Today’s decision constitutes not only a profound setback for woman’s health, but a sharp reversal from prior abortion jurisprudence. While the majority never admits to overturning precedent, it clearly does so. The most blatant reversal is of a central holding of Stenberg v. Carhart, the Supreme Court’s most recent abortion decision. The Stenberg Court held that where there is a dispute in the medical community about whether an abortion restriction could endanger women’s health, and where “substantial medical authority” supports the position that it could, then the restriction must contain a health exception. Today’s decision holds the very opposite: that where there is a dispute in the medical community about whether an abortion restriction could endanger woman’s health, no health exception is required. Thus, while Roberts and Alito gave lip service in their confirmation hearings to the importance of observing precedent and following established law, they did just the opposite in this case, granting certiorari — despite the fact that all three appellate courts to consider the Act applied the same controlling precedent and came to the same holding — and overruling a recent ruling disfavored by the new majority.

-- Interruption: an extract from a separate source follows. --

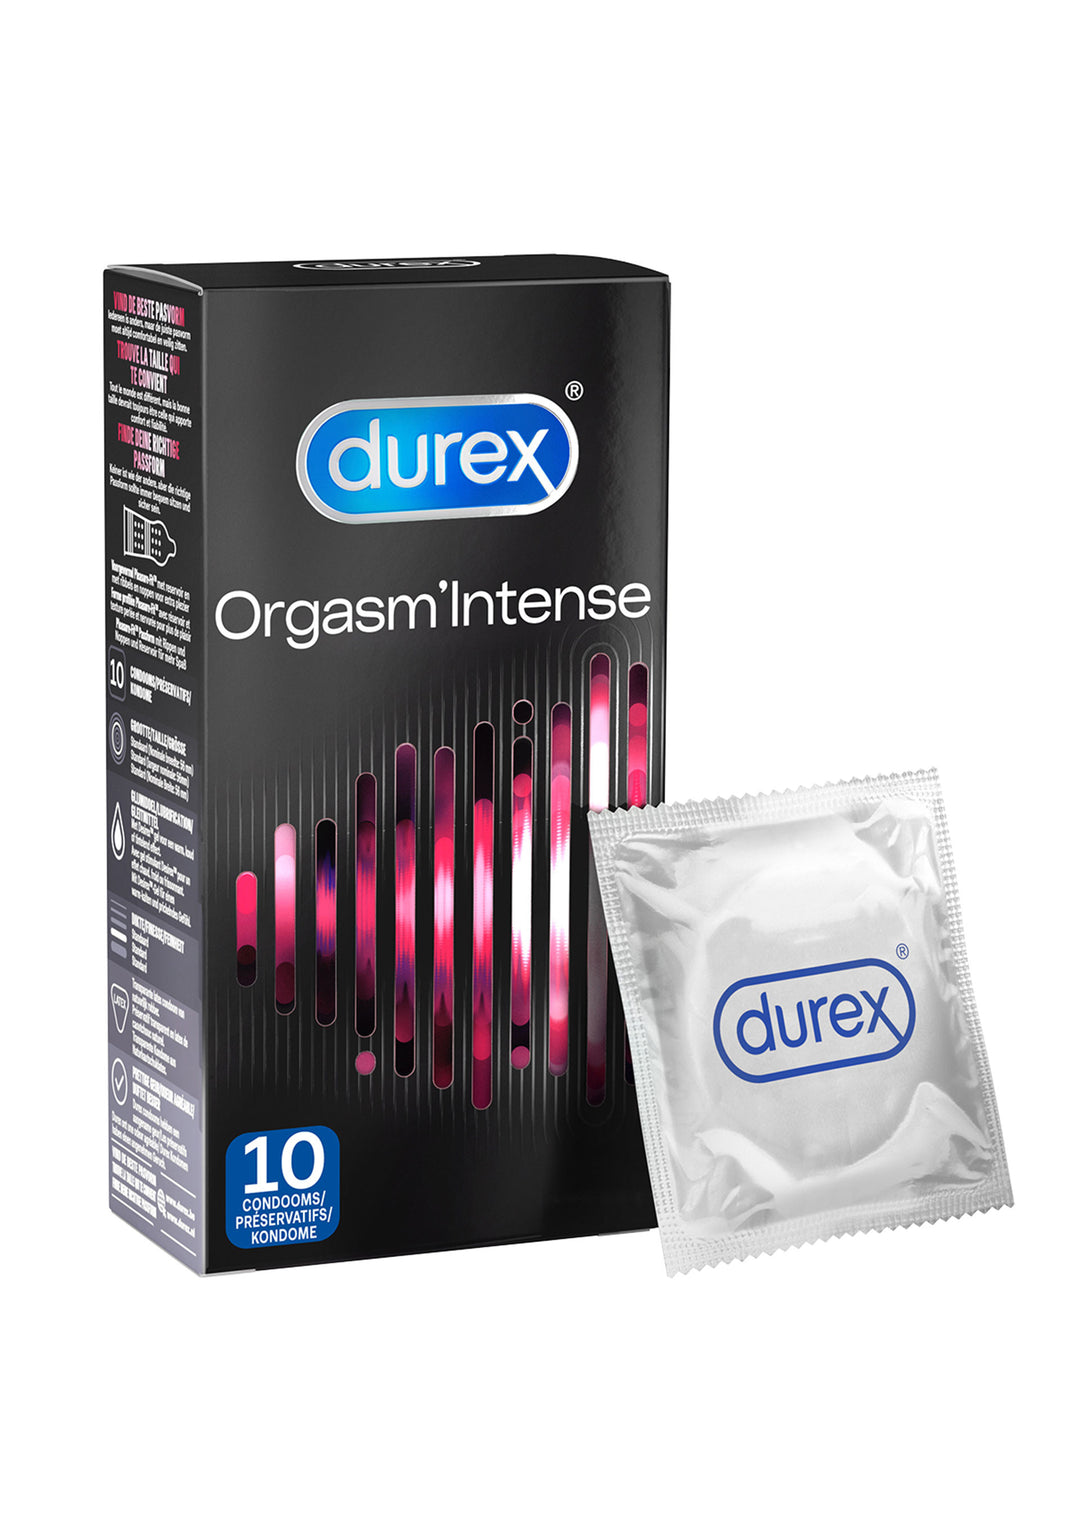 DUREX Orgasm Intense condoms

In addition to directly overturning Stenberg’s mandate to protect women’s health in the face of medical uncertainty, today’s ruling abandons core principles of Roe v. Wade and Planned Parenthood v. Casey. For over thirty years, abortion jurisprudence has required that women’s health be held paramount and not sacrificed to the government’s interest in potential life. Today, the Court has held that Congress, in the name of promoting respect for human life, may require doctors to change their abortion methods in ways that are less safe for women. The majority has also signaled its likely shift away from the holding of Casey that an abortion restriction is facially unconstitutional if it imposes an undue burden on a large fraction of the women to whom the restriction is relevant. Although the majority claims not to be deciding the standard applicable to facial abortion challenges, it makes clear its position that as-applied, rather than facial, challenges are the more appropriate (if not the only) mechanism for attacking abortion restrictions.

Finally, in light of these other shifts away from prior precedent, it does not seem alarmist to note that the central holdings of Roe and Casey – that a woman has a right to make the ultimate decision to terminate a pregnancy prior to viability, and that the state may not impose an undue burden on that right – were only “assumed” by the majority, not stated as the controlling law.